Print the whole listing again exactly, keeping no pictures in it.

Dataset extract:
━━━━

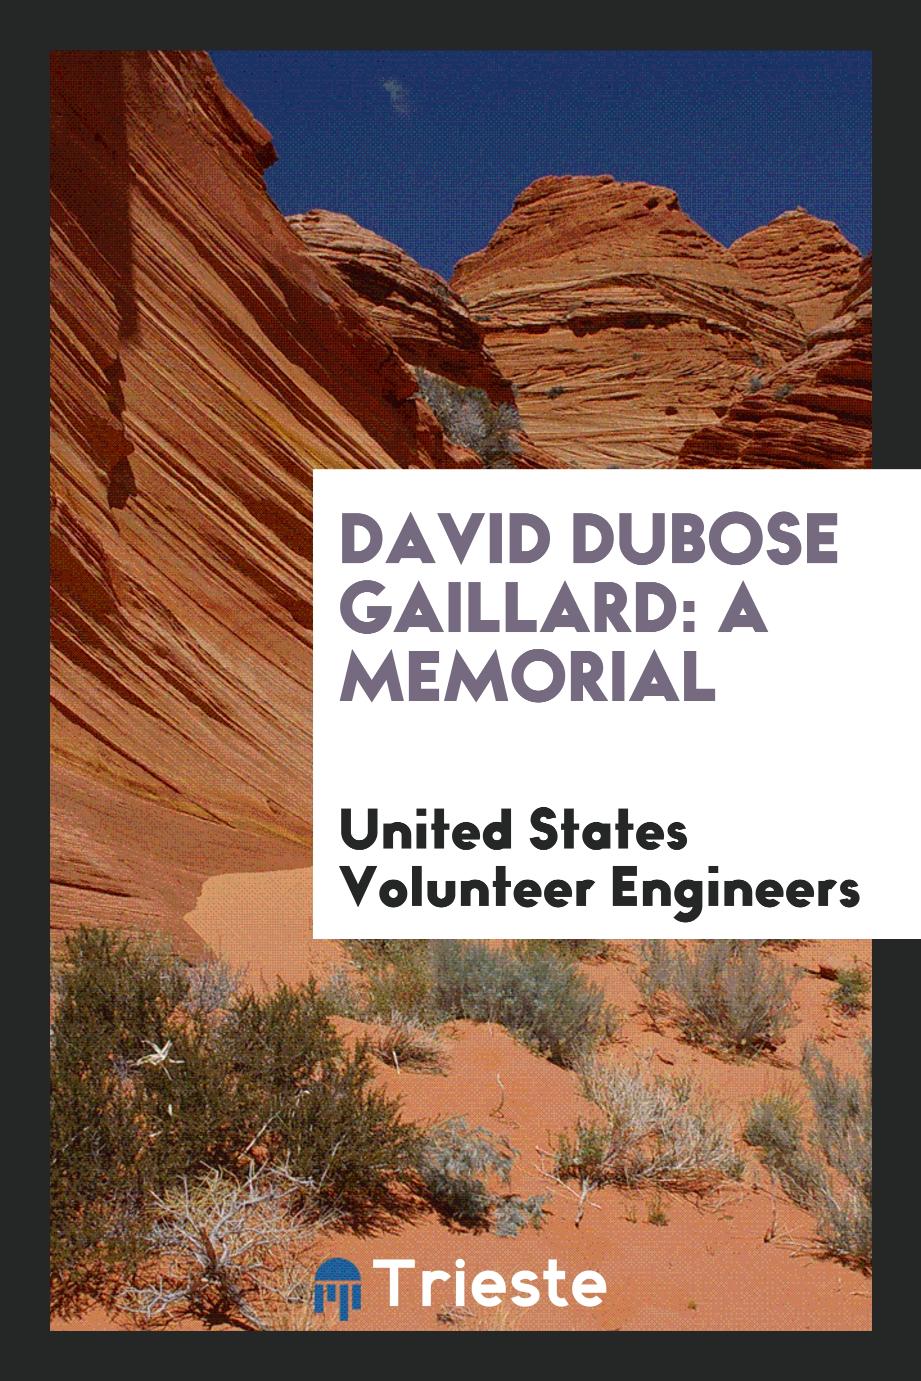 David DuBose Gaillard: A Memorial
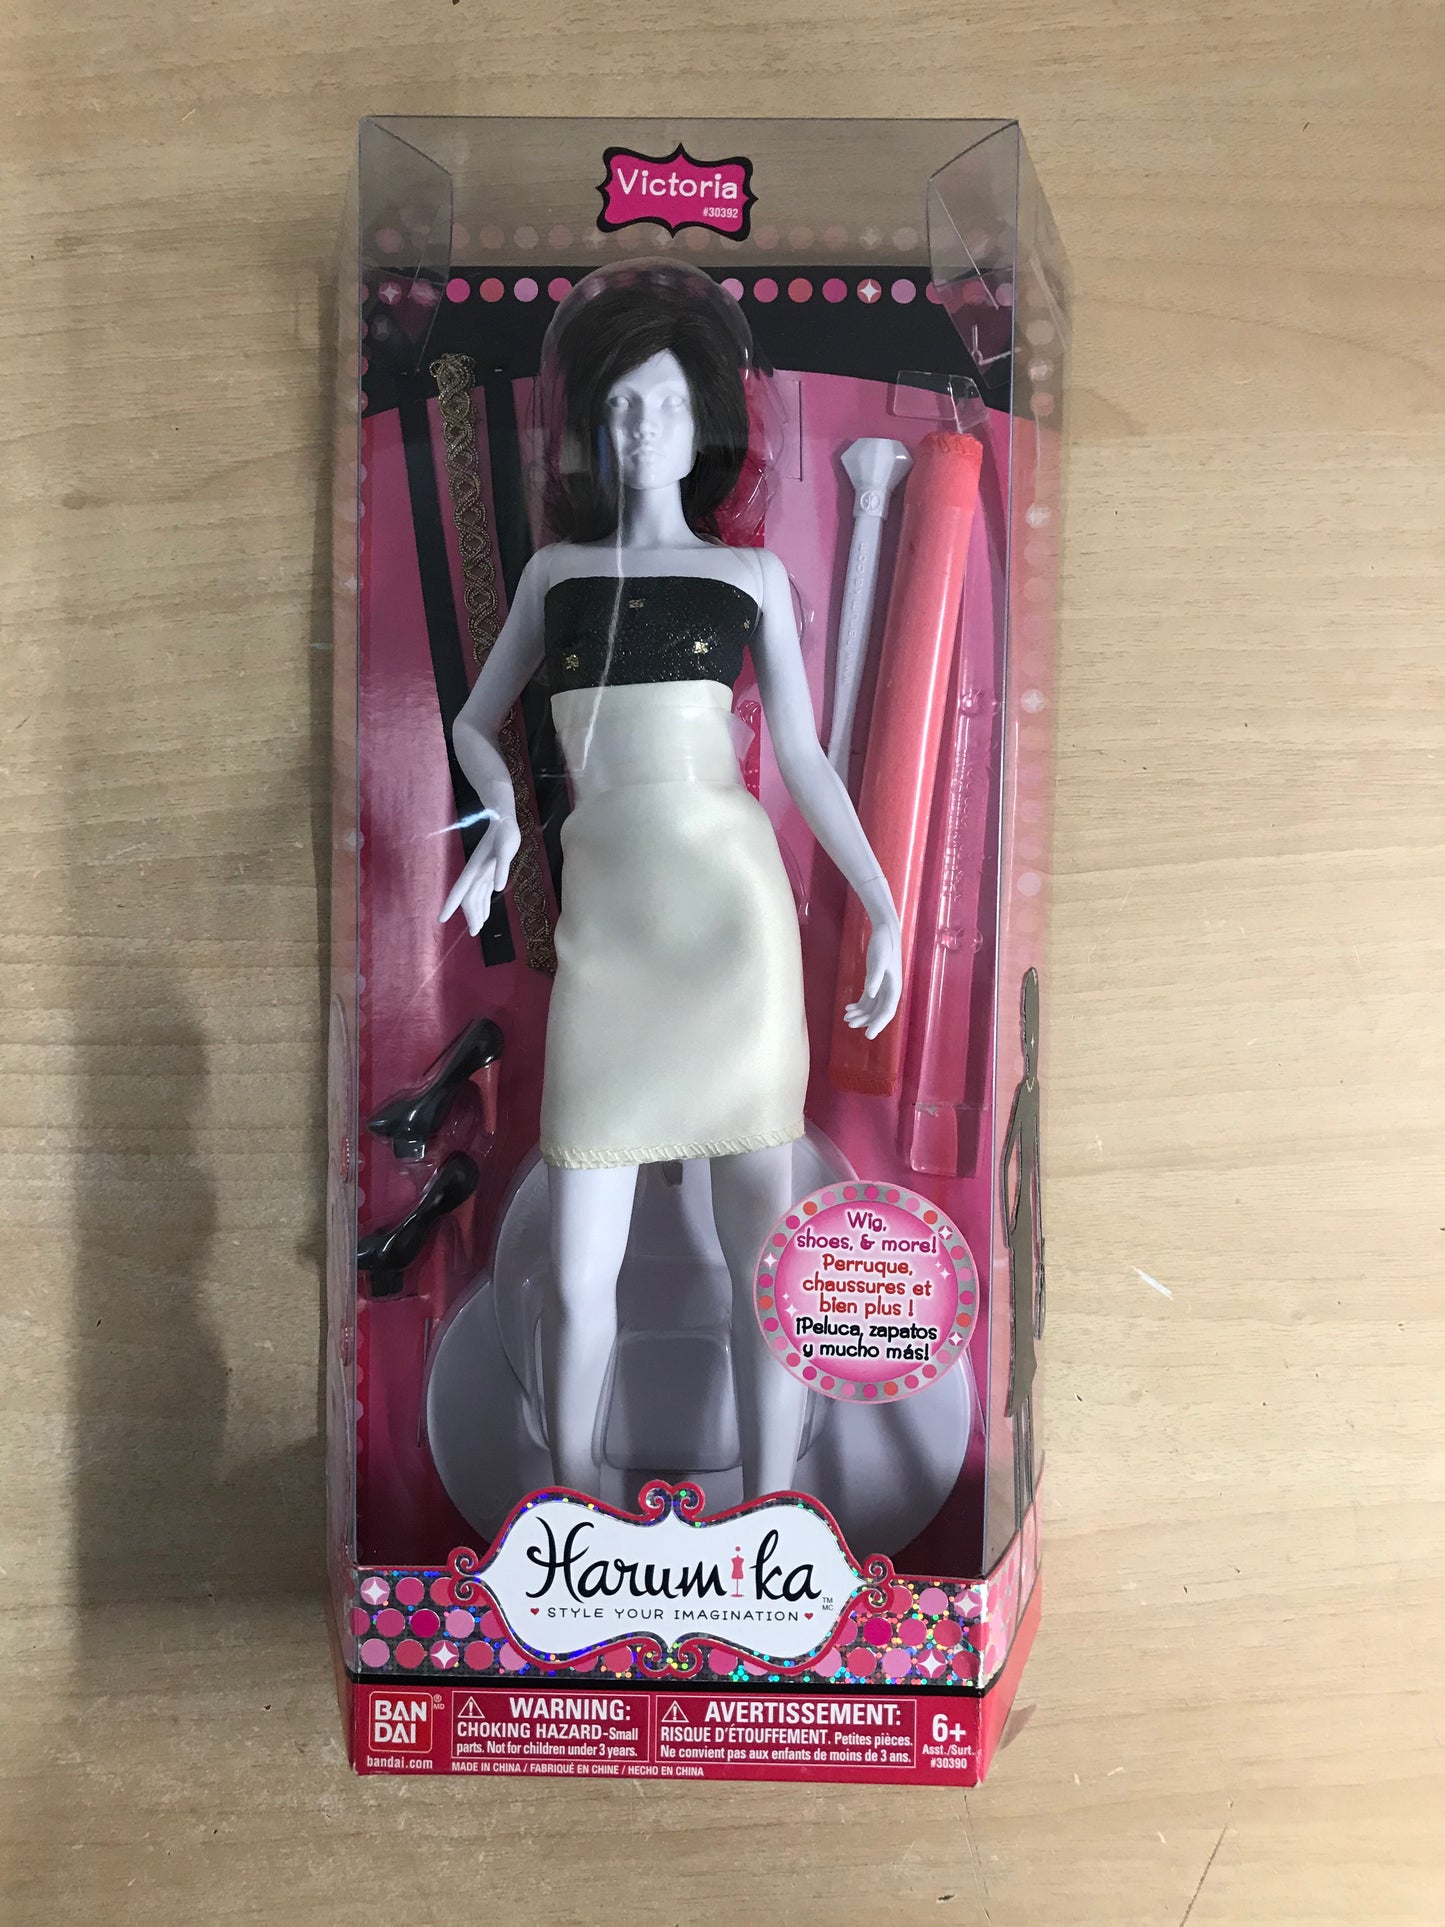 Harumika Mannequin Doll Bandai 12 inch Victoria 2010 NEW IN BOX
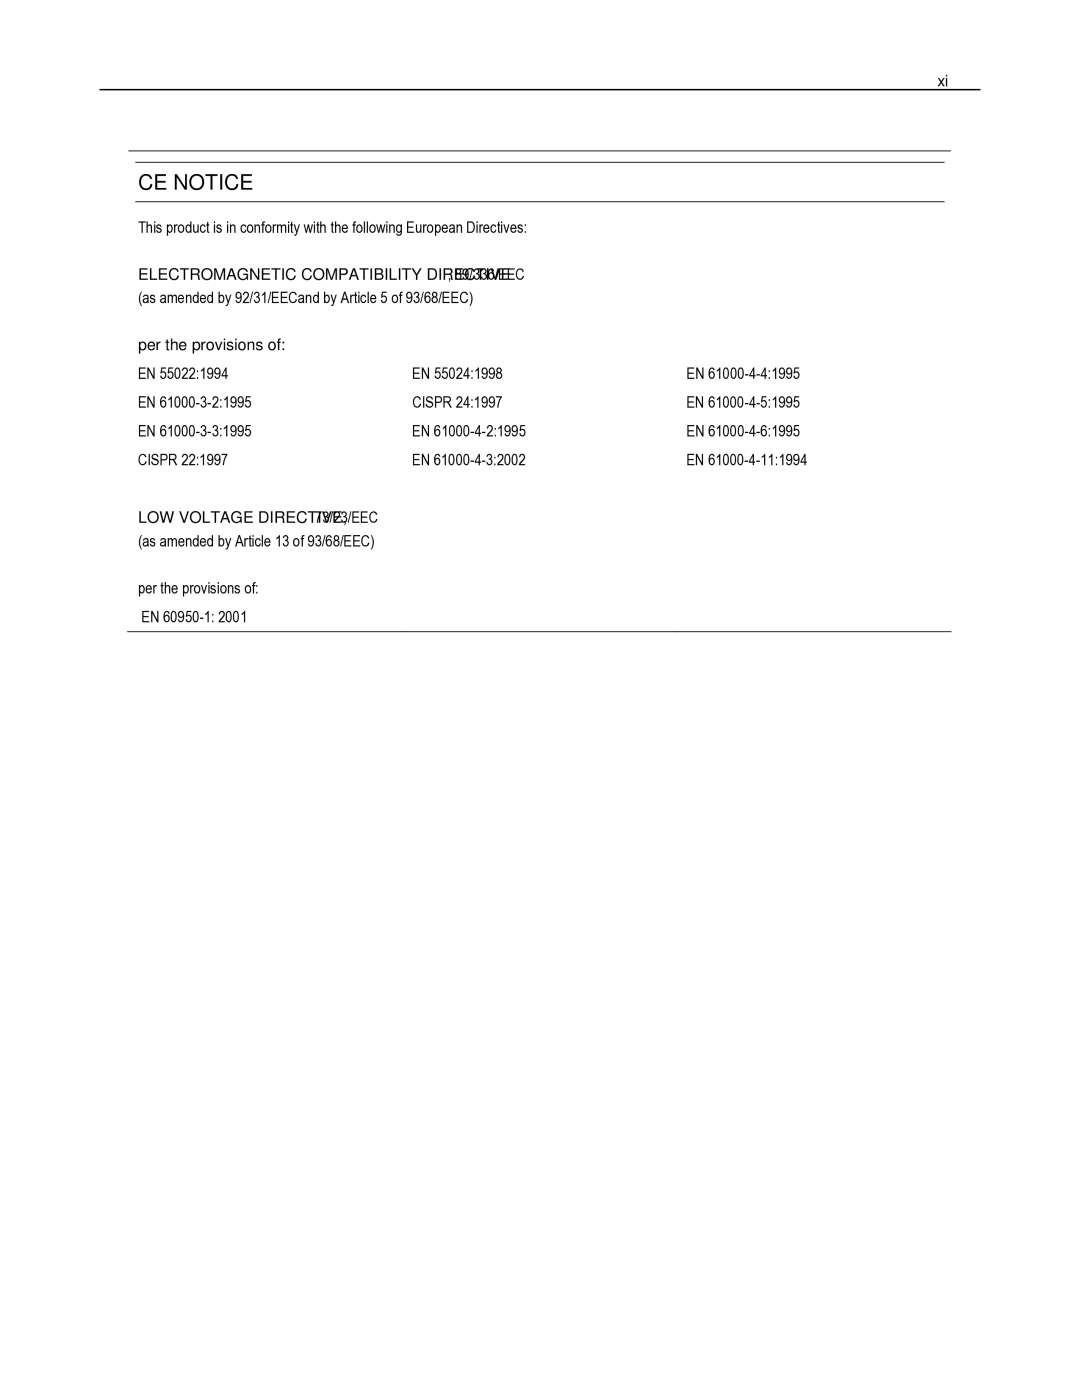 Toshiba HVR16-X, HVR32-X, HVR8-X user manual CE Notice

━━━━

Written answer:
 David DuBose Gaillard: A Memorial
 Harumika Mannequin Doll Bandai 12 inch Victoria 2010 NEW IN BOX
 Toshiba HVR16-X, HVR32-X, HVR8-X user manual CE Notice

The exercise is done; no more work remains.